== Supplied data ==
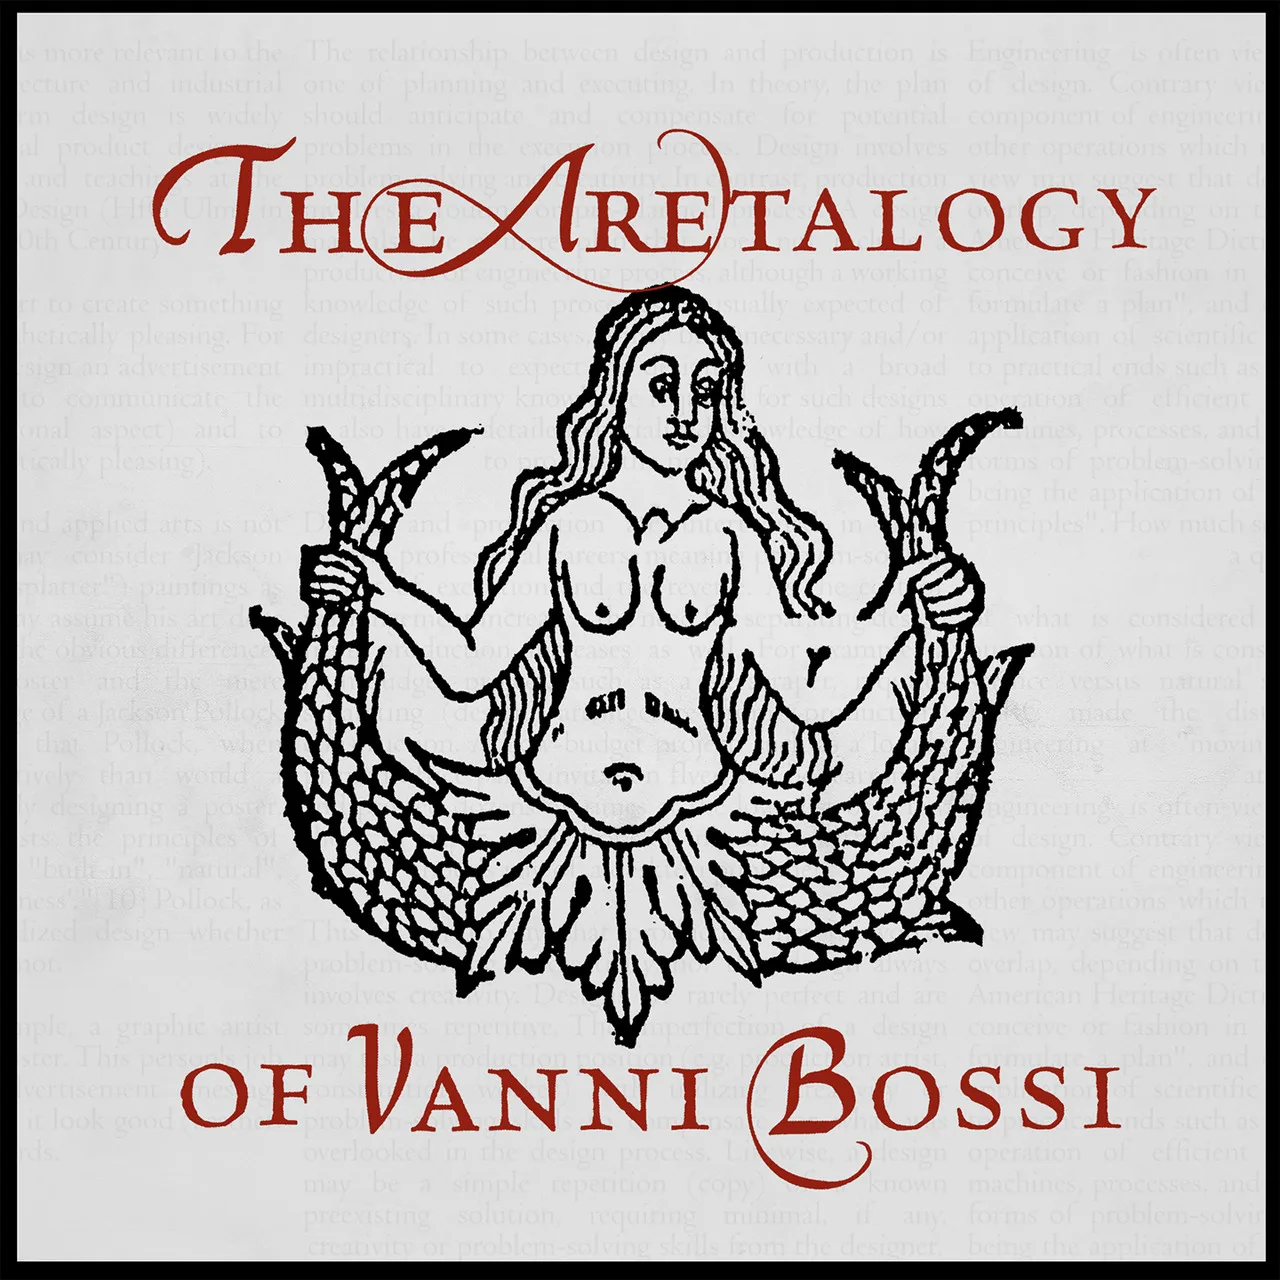 

The Aretalogy of Vanni Bossi by Stephen Minch-magic tricks
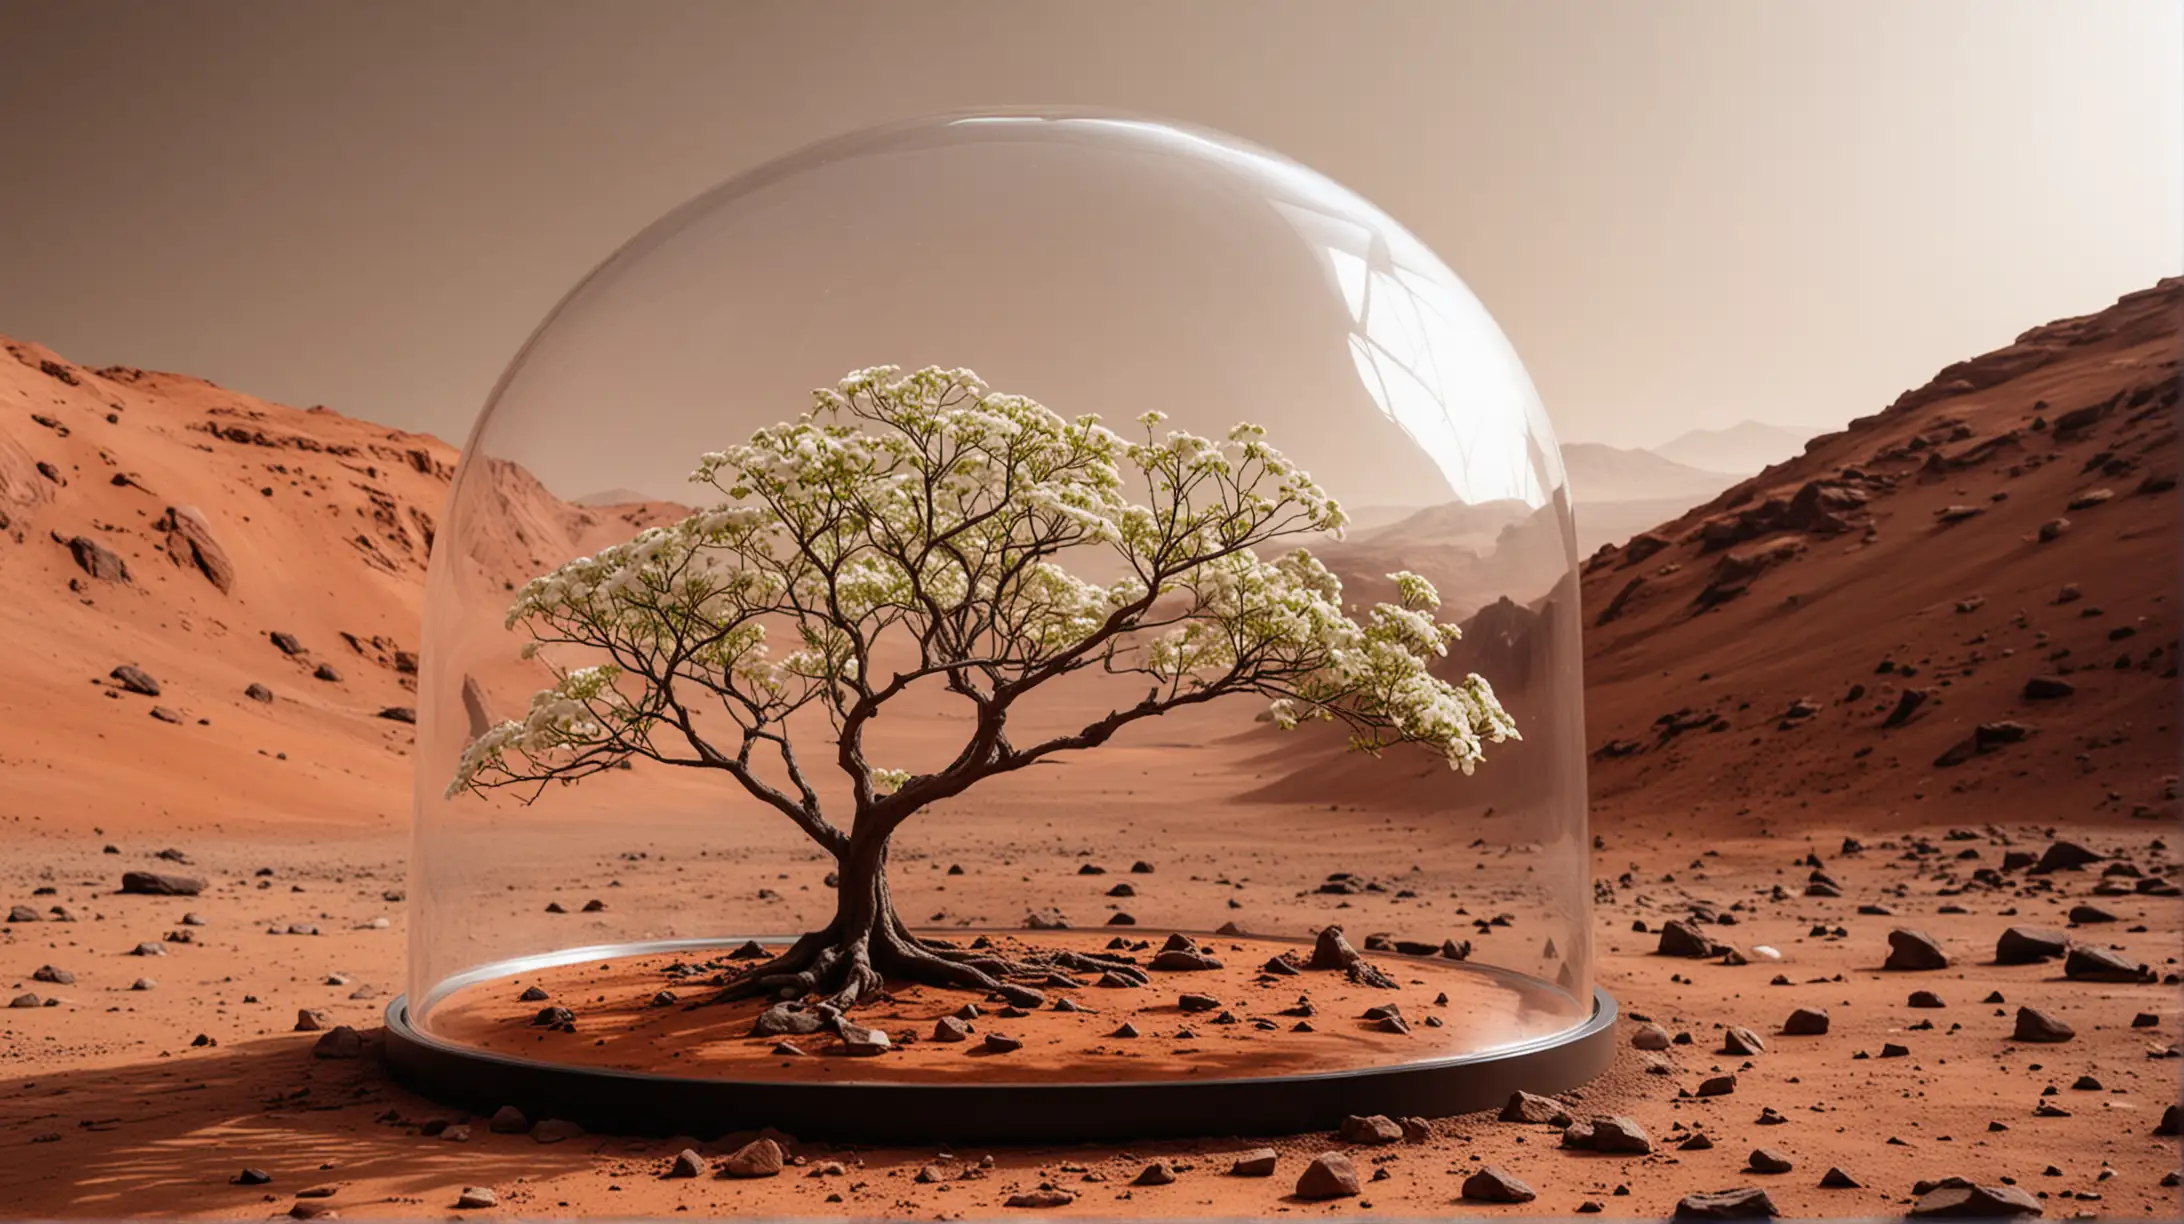 Japanese dogwood tree on Mars surface under glass dome
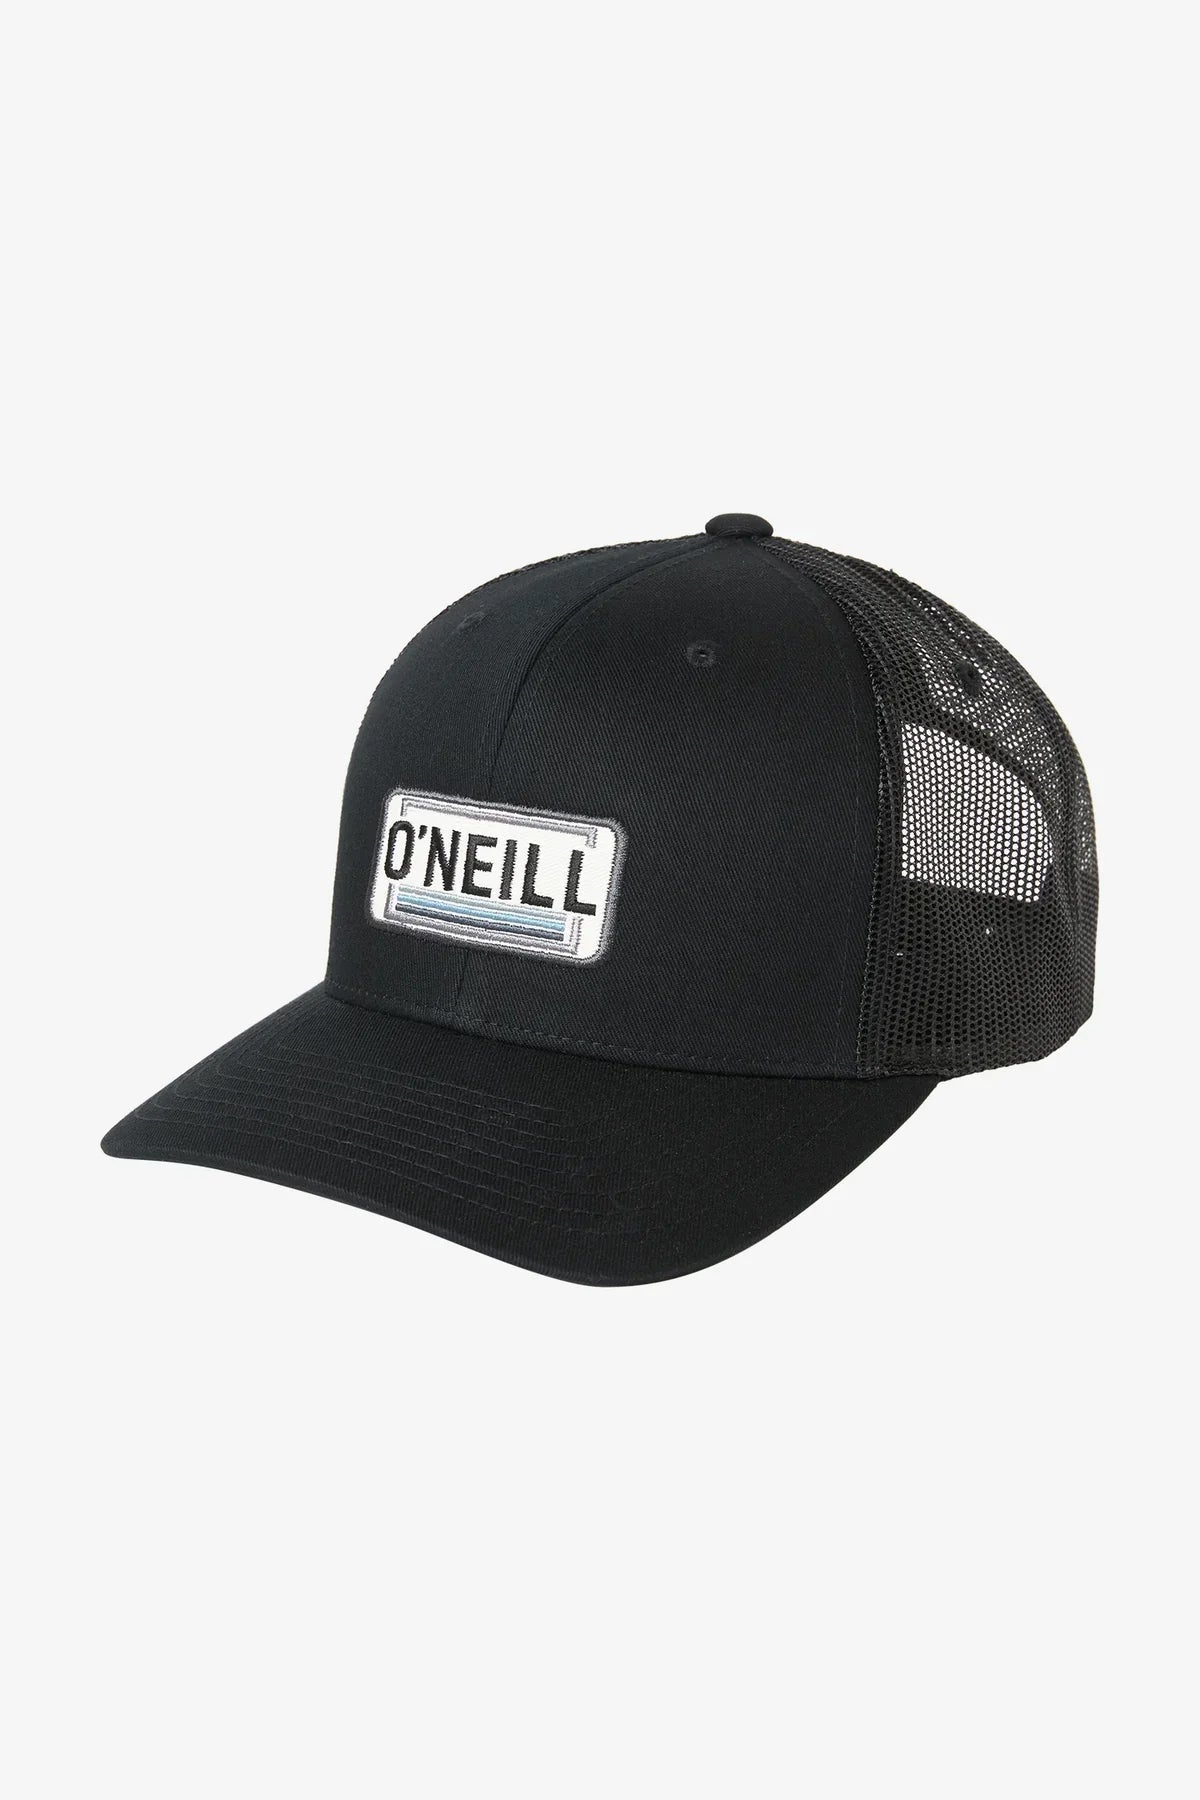 O'Neill Headquarters Trucker Hat

== Problem to work on ==
Any images must be left out; transcribe the rest of the material exactly.

== Solution for this problem ==
The Aretalogy of Vanni Bossi by Stephen Minch-magic tricks
 Japanese dogwood tree on Mars surface under glass dome
 O'Neill Headquarters Trucker Hat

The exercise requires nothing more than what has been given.